For any integer $n>2$, there exist $a_1,a_2,\cdots,a_n>0$ that satisfies both$$\tag1a_1+a_2+\cdots+a_n=\frac1{a_1}+\frac1{a_2}+\dots+\frac1{a_n}$$and\begin{equation}\tag2\frac{1}{a_{1}+n-1}+\frac{1}{a_{2}+n-1}+\dots+\frac{1}{a_{n}+n-1}<1\end{equation}
Proof:
We will prove that
If $a_1,\dots,a_n$ not all equal to 1 and satisfy (1) but not (2), then $\frac1{a_1},\dots,\frac1{a_n}$ satisfy both (1) and (2).
It is easy to see that $a_1,\dots,a_n$ satisfy (1) implies $\frac1{a_1},\dots,\frac1{a_n}$ satisfy (1).

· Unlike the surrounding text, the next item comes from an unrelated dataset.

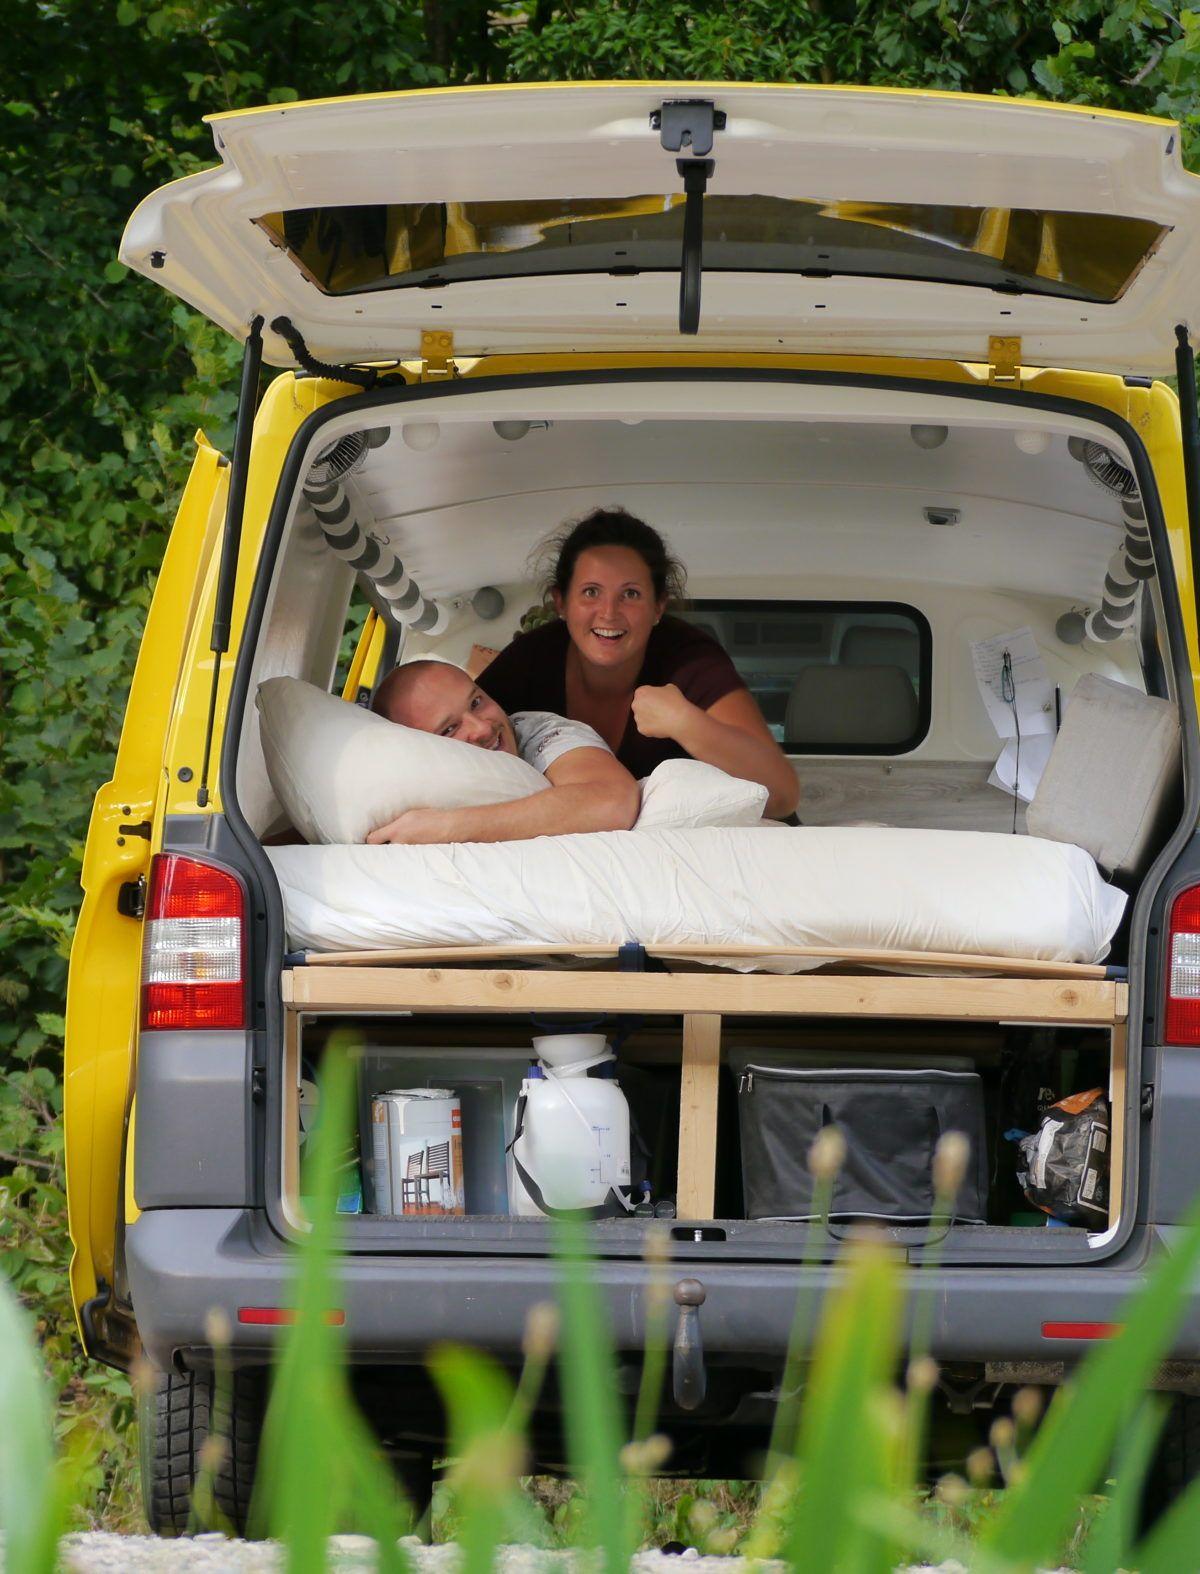 vw t5 camper ausbau einfaches bus bett bettrahmen bettgestell van id al. Black Bedroom Furniture Sets. Home Design Ideas
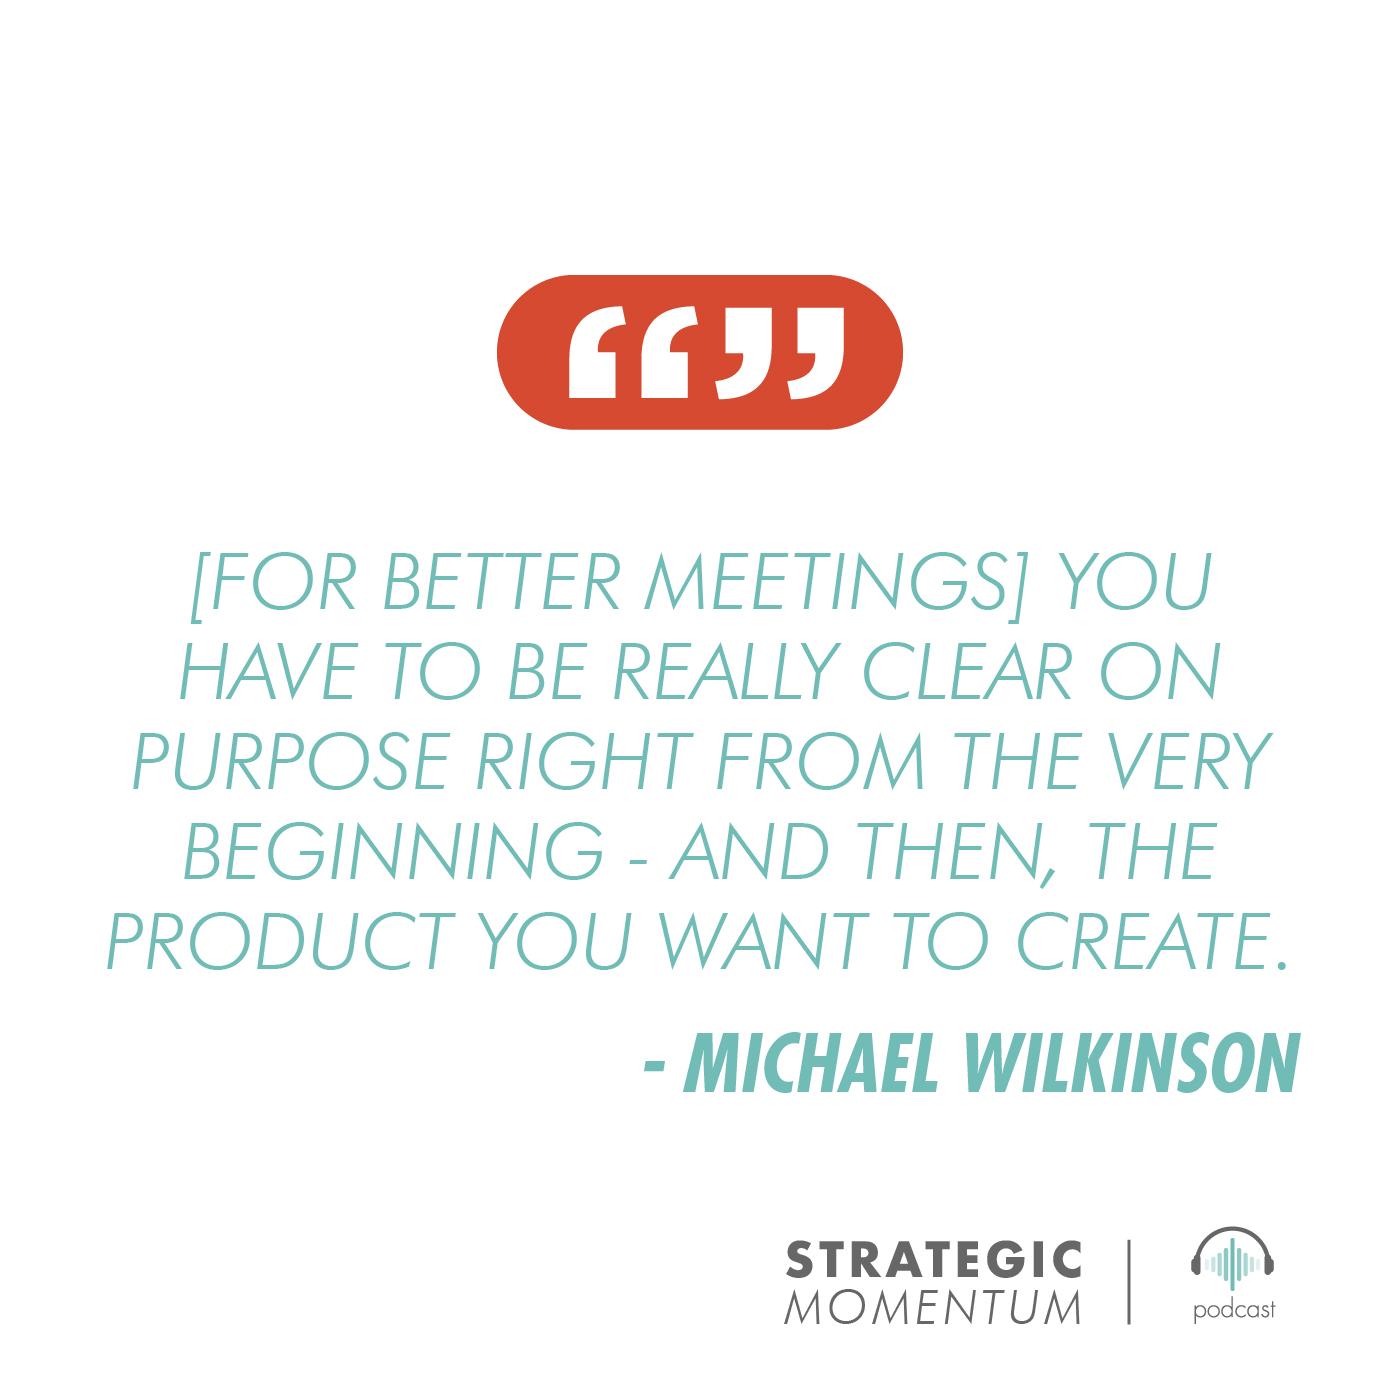 Art - Strategic Momentum 45 - Connie Steele - Michael Wilkinson_Quote 5 - Tile - .jpg

It remains to prove that $a_1,\dots,a_n$ don't satisfy (2) implies $\frac1{a_1},\dots,\frac1{a_n}$ satisfy (2).
\begin{align}
& \frac{1}{a_{i}+n-1}+\frac{1}{\frac{1}{a_{i}}+n-1} \\
={}& \frac{1}{a_{i}+n-1}+\frac{a_{i}}{(n-1) a_{i}+1} \\
={}& \frac{a_{i}^{2}+2(n-1) a_{i}+1}{(n-1) a_{i}^{2}+\left(n^{2}-2 n+2\right) a_{i}+n-1} \\
={}& \frac{2\left[a_{i}^{2}+2(n-1) a_{i}+1\right]}{n\left[a_{i}^{2}+2(n-1) a_{i}+1\right]+(n-2)\left(a_{i}-1\right)^{2}} \\
⩽{}& \frac{2}{n}\quad(i=1,2, \dots, n)
\end{align}
Therefore,
$$
\frac{1}{a_{i}+n-1}+\frac{1}{\frac{1}{a_{i}}+n-1}⩽\frac{2}{n}\quad(i=1,2, \dots, n)
$$
equality is attained $⇔(n-2)(a_i-1)^2=0⇔a_i=1$, since $n>2$.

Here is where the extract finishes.